_Provided records:_
※ ※ ※

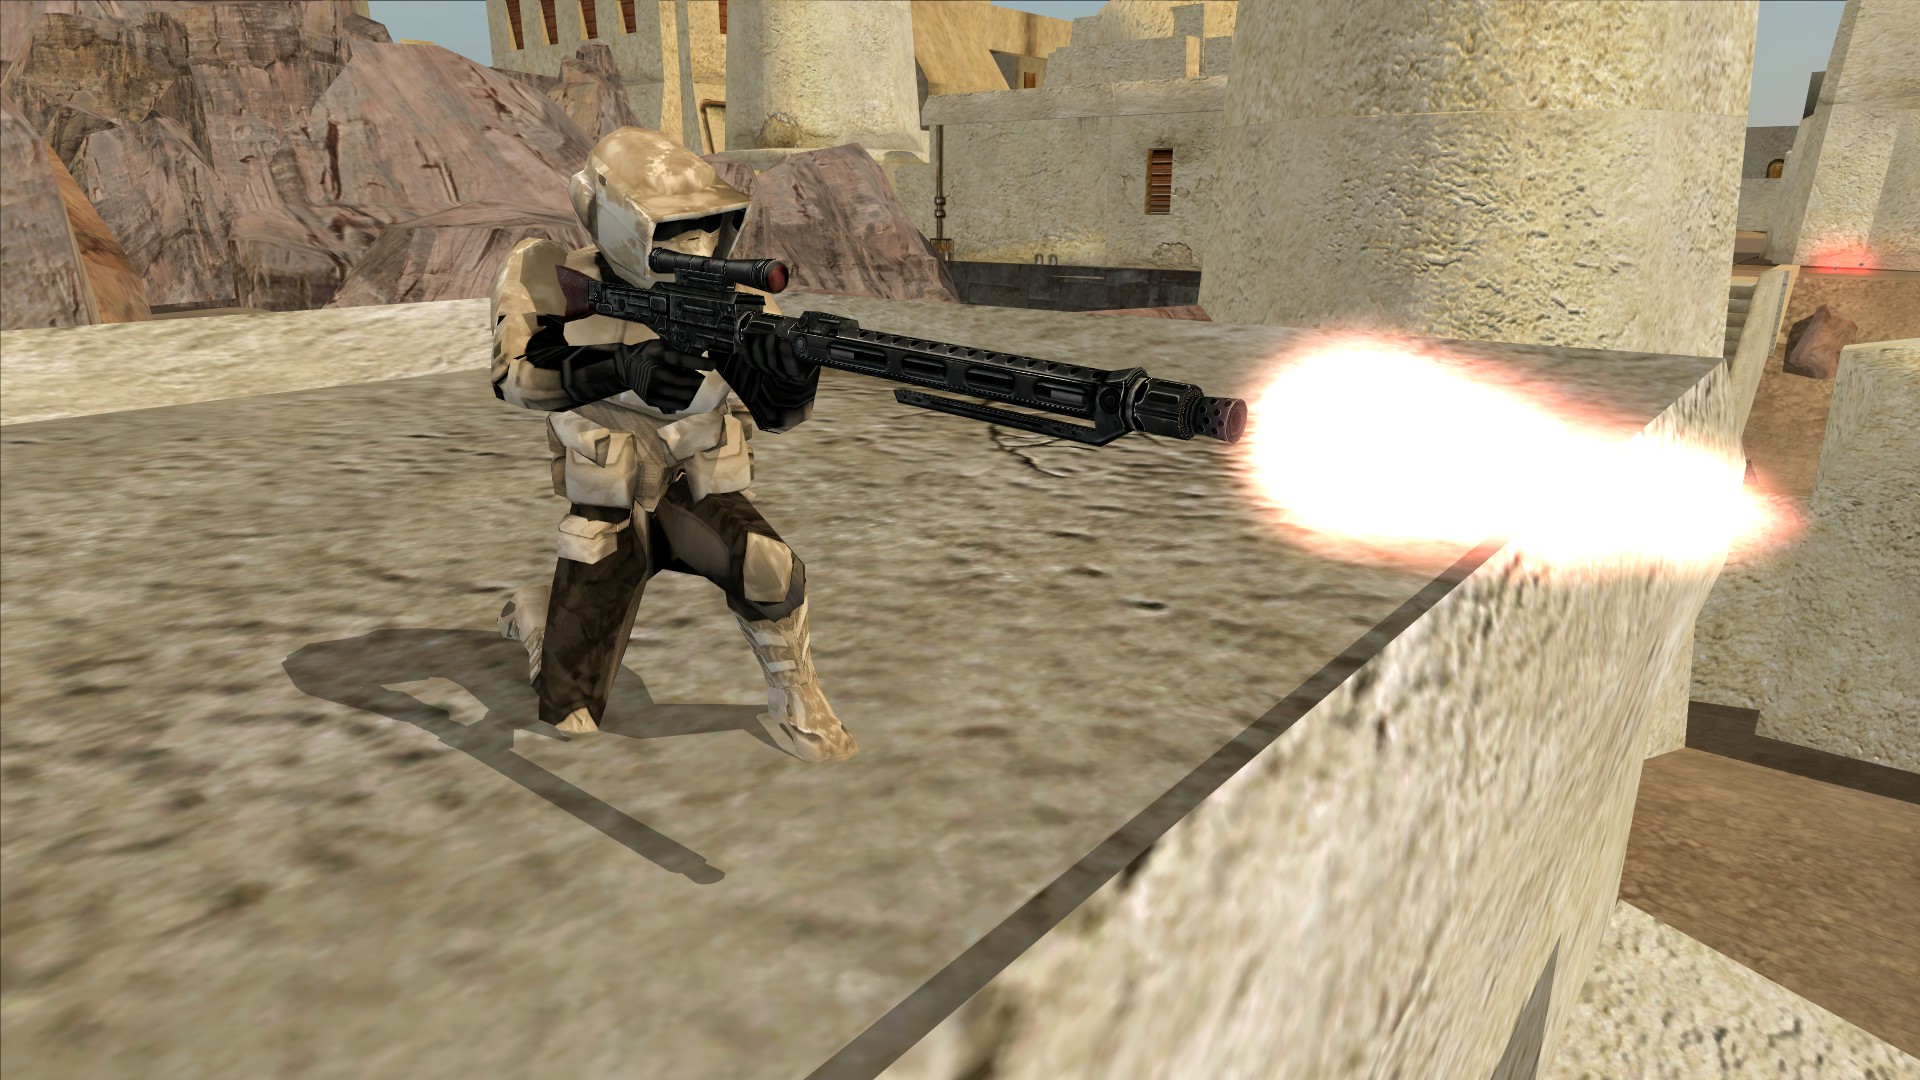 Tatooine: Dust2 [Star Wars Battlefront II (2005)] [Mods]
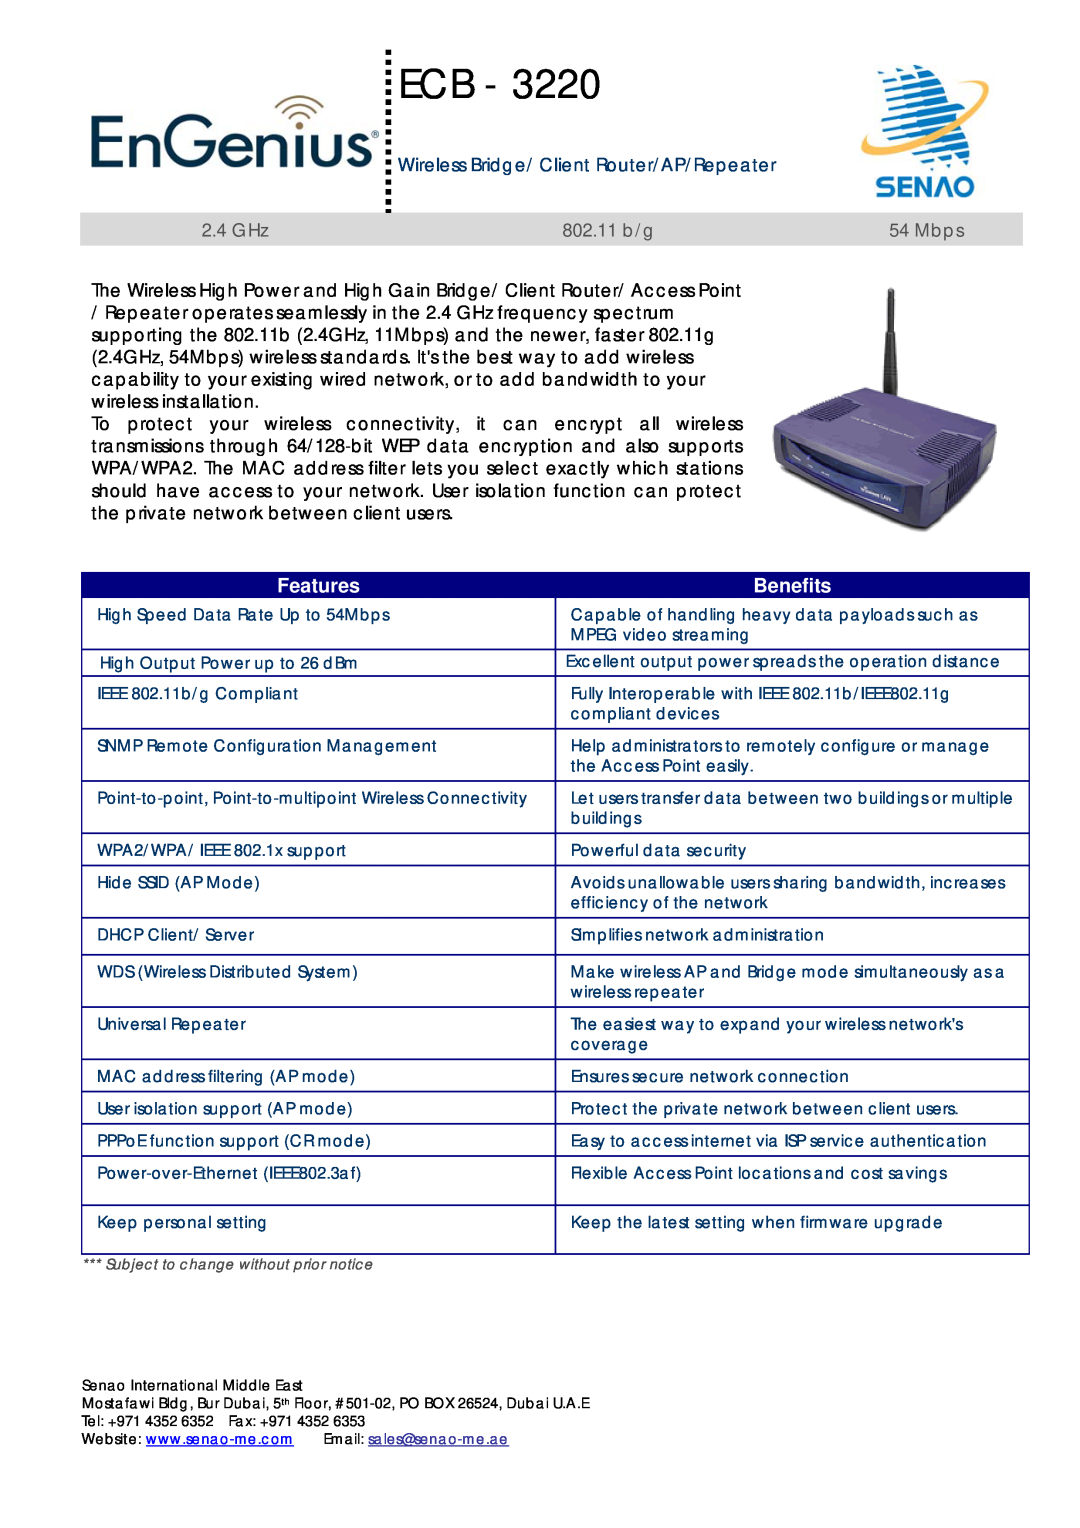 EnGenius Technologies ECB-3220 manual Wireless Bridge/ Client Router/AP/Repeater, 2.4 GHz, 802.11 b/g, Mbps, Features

※ ※ ※

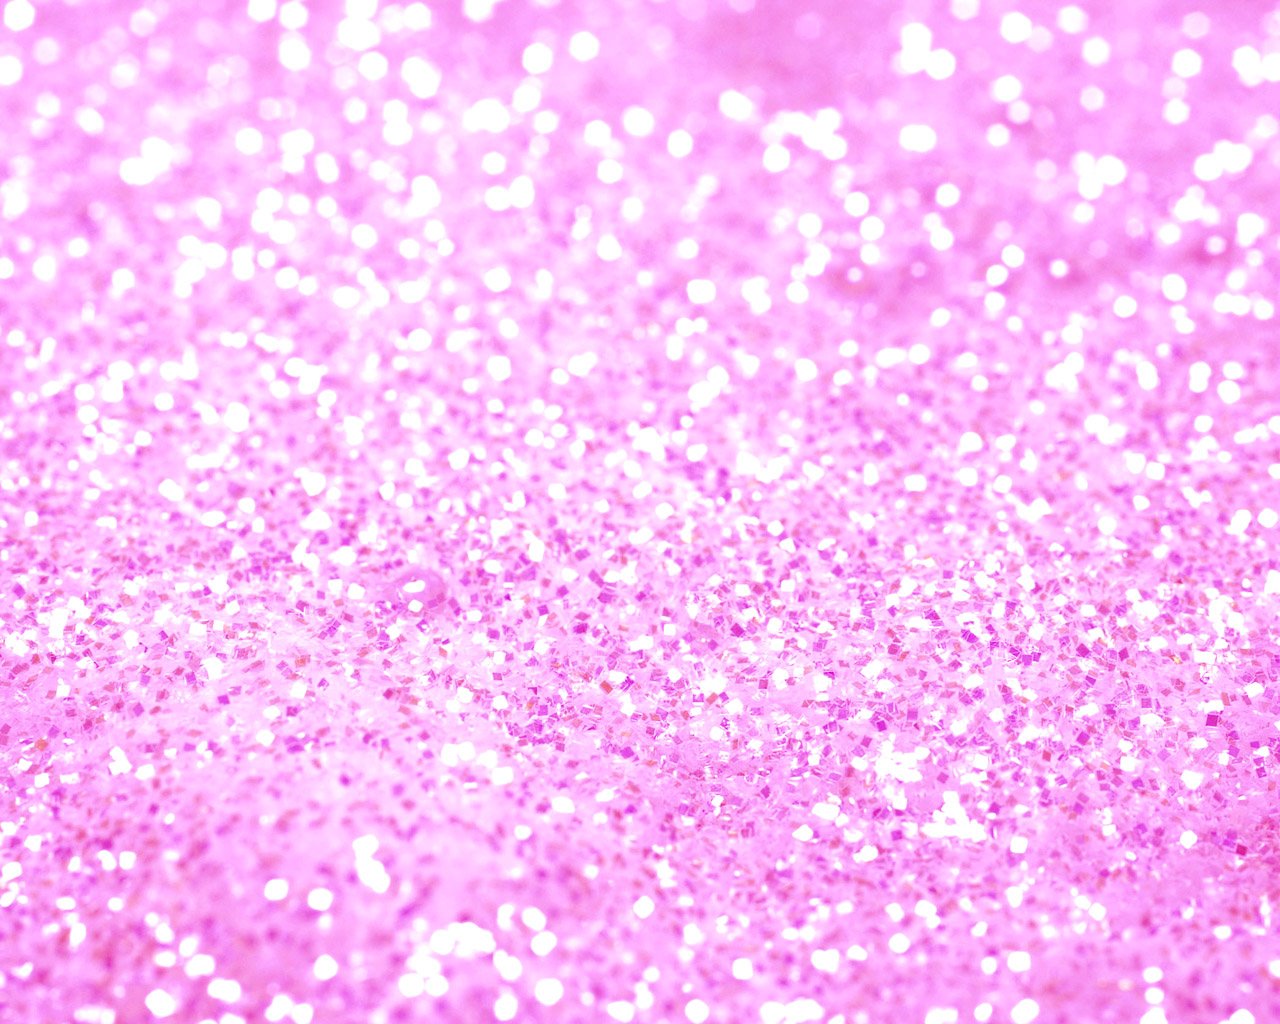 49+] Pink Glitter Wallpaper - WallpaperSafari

※ ※ ※

_Task statement:_ Among the entries above, locate the line with "Tatooine: Dust2 [Star" and the line with "EnGenius Technologies ECB-3220". Give those two lines and all lines between them again, exactly, leaving out the pictures.

_Your solution:_
 Tatooine: Dust2 [Star Wars Battlefront II (2005)] [Mods]
 EnGenius Technologies ECB-3220 manual Wireless Bridge/ Client Router/AP/Repeater, 2.4 GHz, 802.11 b/g, Mbps, Features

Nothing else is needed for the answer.